Since he arrived at Joe Gibbs Racing in 2008, the Kyle Busch Show has been an omnipotent presence in NASCAR. In those five plus years, Busch has won 88 races in NASCAR's top three series, many in dominating fashion like his weekend sweep at Auto Club Speedway, where he led 217 of the combined 350 laps of the Nationwide and Cup Series races at ACS.

Busch led the most laps on the circuit in 2011 and was second in 2012. But recently, all those laps led haven't turned in to wins.

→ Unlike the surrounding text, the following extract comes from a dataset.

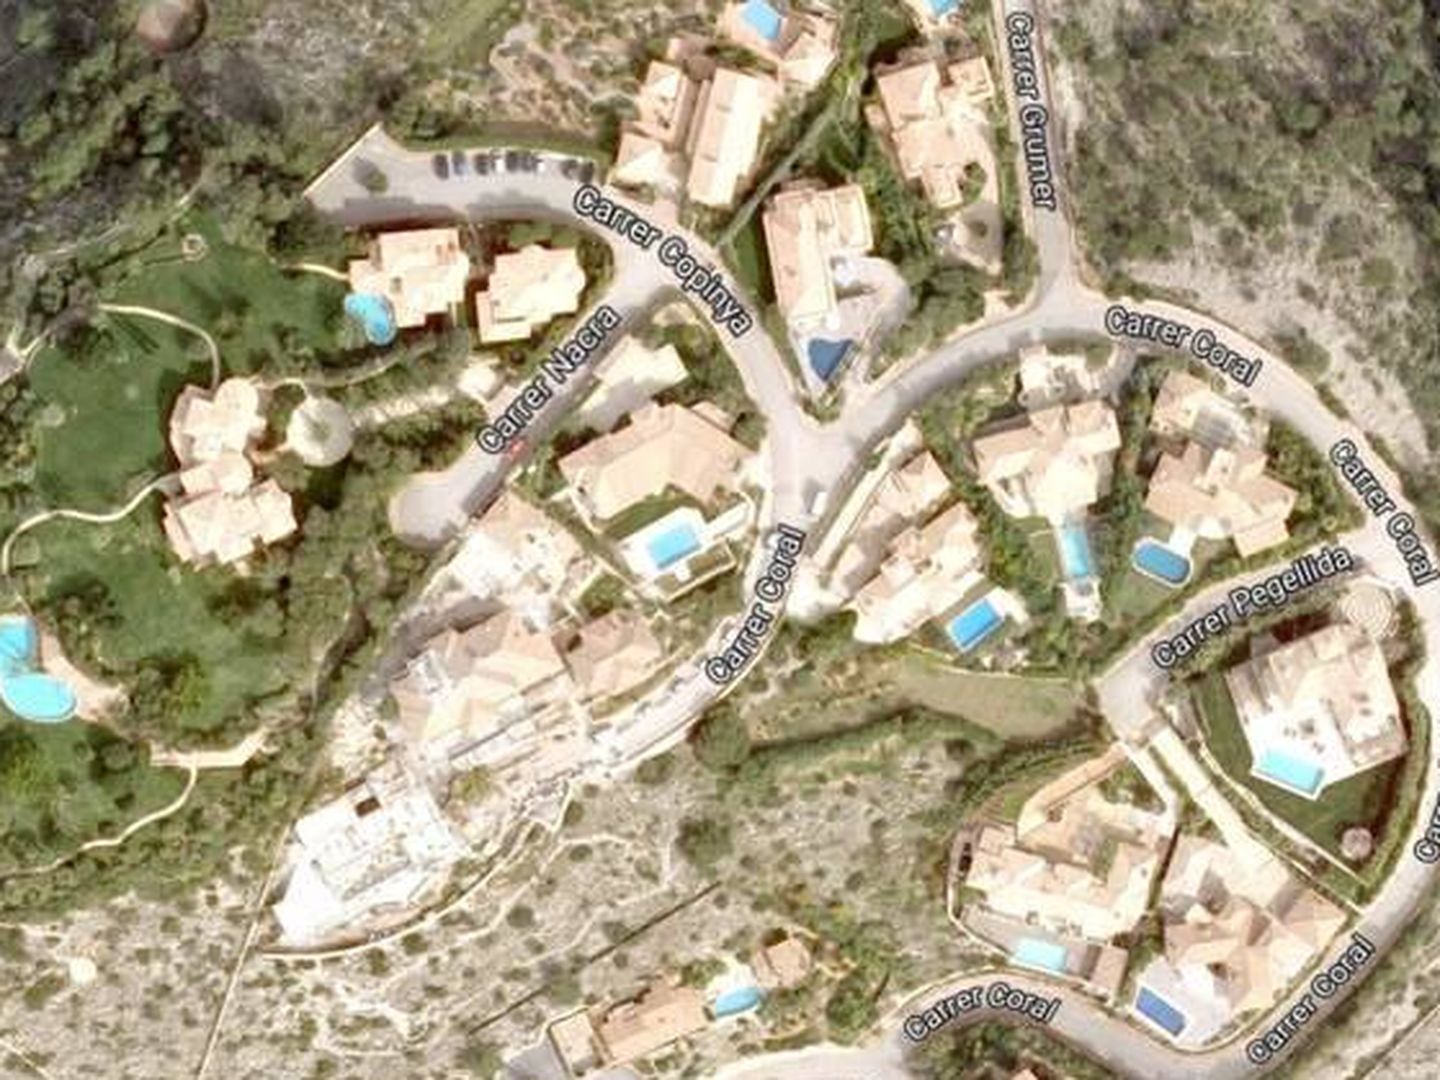 Vista aérea de la urbanización 'Las Brisas', donde se ubica la mansión de los Schumacher. (Google)

How so? Before Sunday, Busch had led the most laps at nine different races without recording a win, a stretch that dates back all the way to the inaugural race at Kentucky Speedway, where he led 125 of the race's 267 laps from the pole for the win. Nine different races. Crazy.

2011 Watkins Glen: 3rd (49 laps led of 90)
2011 Charlotte: 2nd (111 of 334)
2011 Martinsville: 27th (126 of 500)
2012 Auto Club: 2nd (80 of 129)
2012 Kentucky: 10th (118 of 267)
2012 Watkins Glen: 7th (43 of 90)
2012 Dover: 7th (302 of 400)
2012 Phoenix: 3rd (237 of 319)
2012 Homestead: 4th (191 of 267)

Had Busch gotten a win at Auto Club, Kentucky or Watkins Glen last year, the storyline of his 2012 season could be a lot different. 2013's next step could be about going from fifth to first instead of from out of the Chase to back in it.

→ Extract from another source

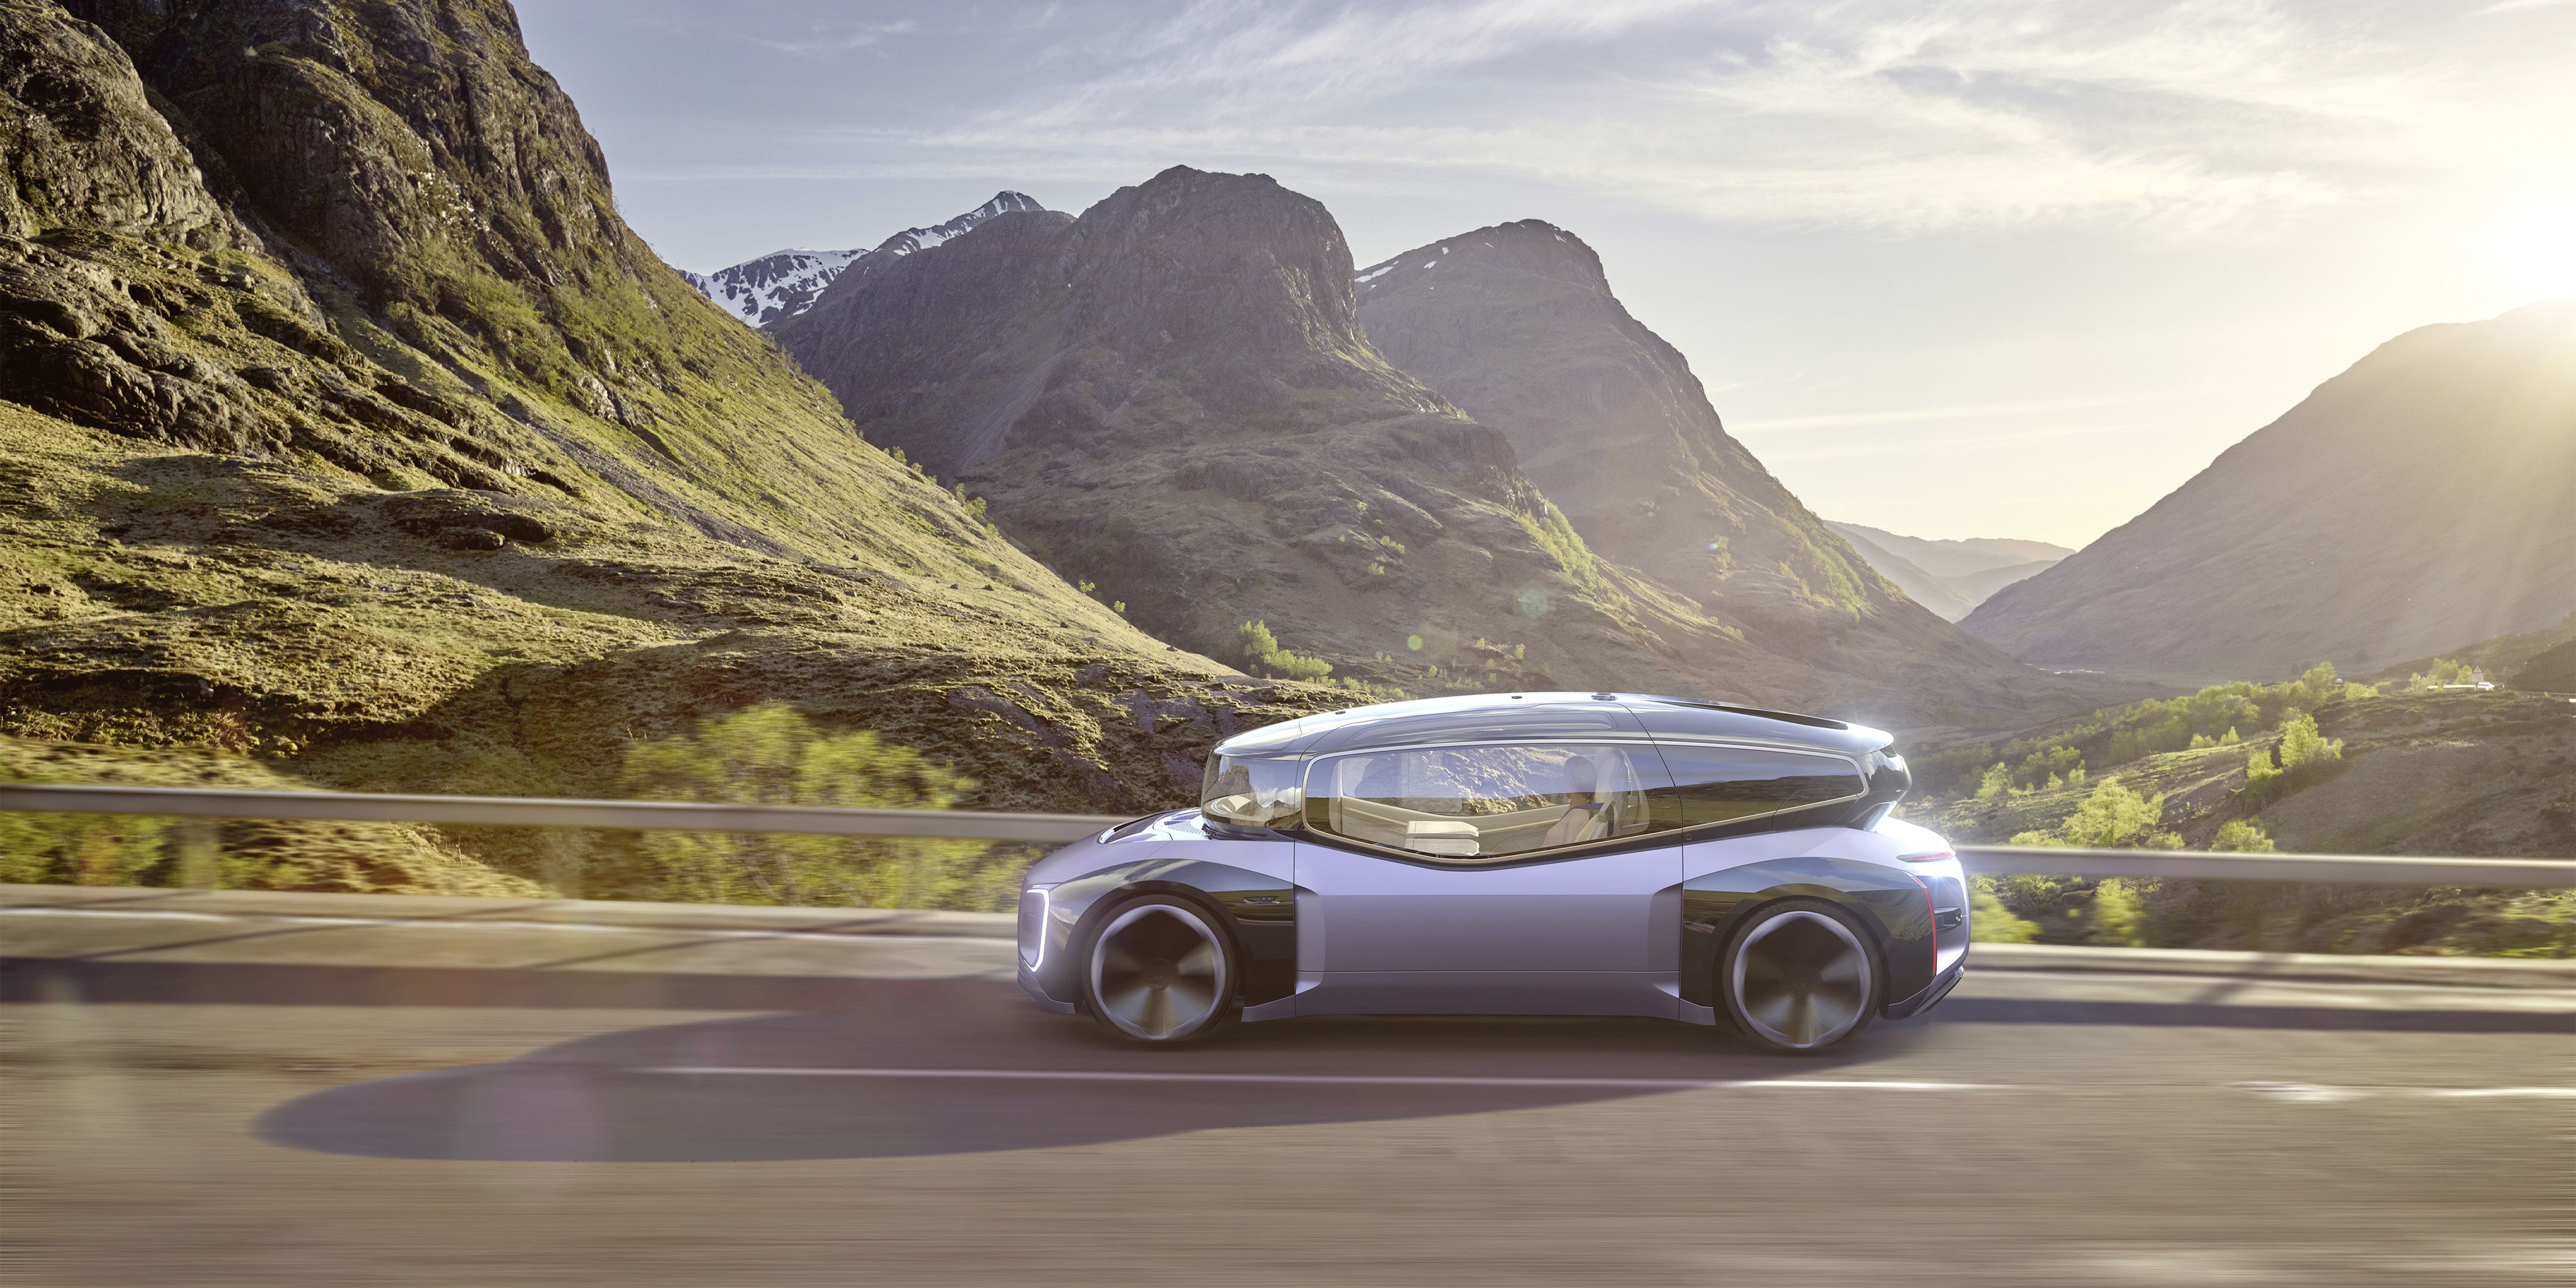 VW Gen.Travel Autonomous Concept Is So Ugly It's Cute

"Yeah, it's -- I mean, we just -- we worked so hard last year, and we missed the Chase by three points," Busch said. "And then it sort of defines your season as missing the Chase. And then we go off and rattle off great finishes throughout the Chase but we never win."

Before Sunday, 2013 had already drawn some parallels with Busch's 2012. He blew an engine at Daytona shortly after inheriting the lead from teammate Matt Kenseth's engine failure and after starting first at Bristol, was never able to recover after getting sent to the back of the pack because of a pit road penalty there too. But there was no such slip or miscue at California. Busch started and stayed up front and this time, he was the one capitalizing on someone else's misfortune.

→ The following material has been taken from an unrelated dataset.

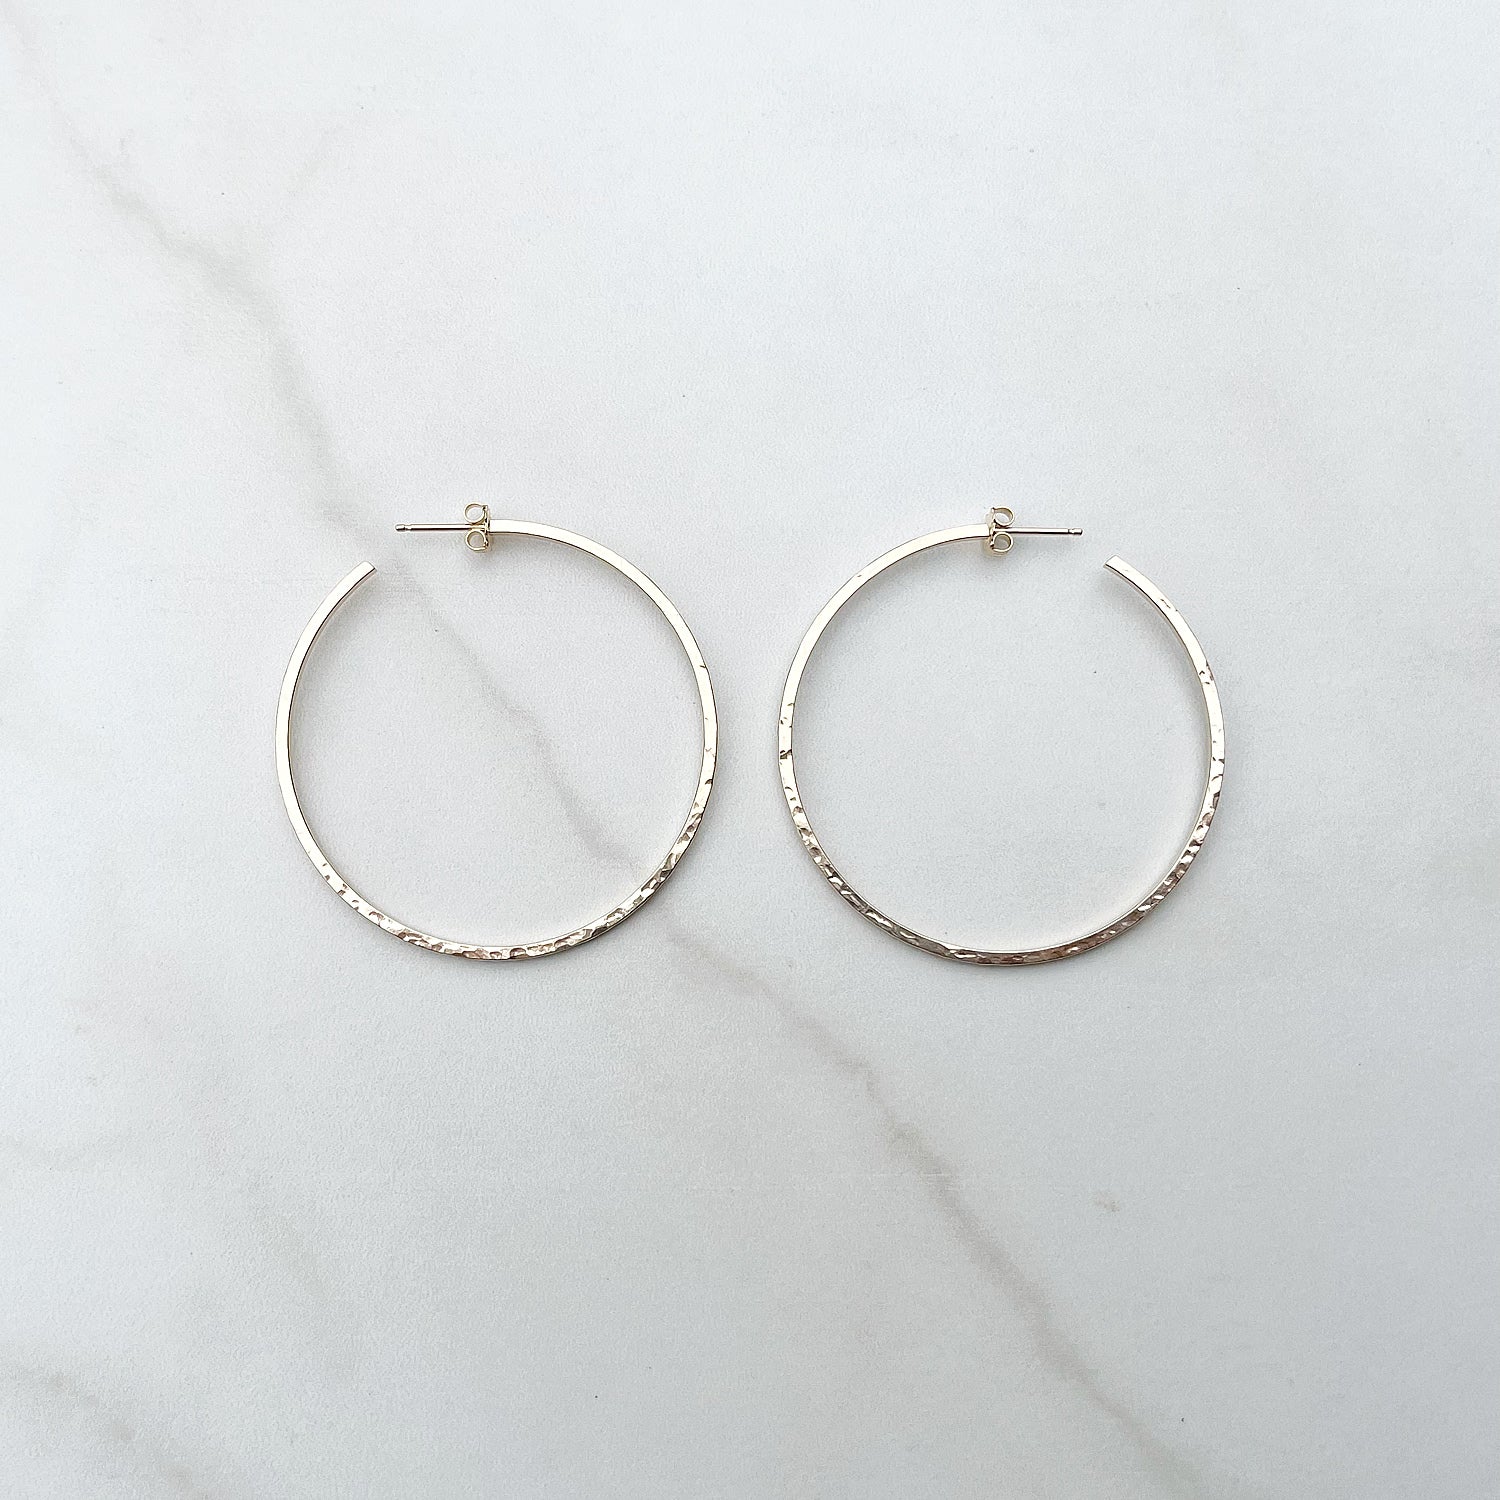 Buy 925 Sterling Silver Hoop Earrings for kids, men, women | Simple &  stylish at Amazon.in

One race isn't enough to draw significant conclusions. But Busch isn't going to stop leading a bunch of laps anytime soon, and the odds of him starting another nine race streak like that are pretty damn slim. That means more wins are on the horizon.

"And then last week at Bristol we had a good car, we sped on pit road and got back in traffic, never really made our way back up to the front on good tires, and then here this weekend, again, we had the best car, we led the most laps, and felt like it was our race to win, but in reality it was our race to lose when all those guys kept pitting behind us and putting on tires," Busch said. "We felt like track position was the best for us, although tires were worth a lot of speed.

"So it's just -- we finally had a little bit of luck on our side (Sunday) that we didn't have all last year and it seemed like we weren't quite having this year," he added. "But we've had some good runs and some strong runs, it's just you've got to keep working, you've got to keep digging in, and Dave and I talked a lot in the last few weeks about what we can do to try to help each other and put our program on the map where we're a bigger force to be reckoned with."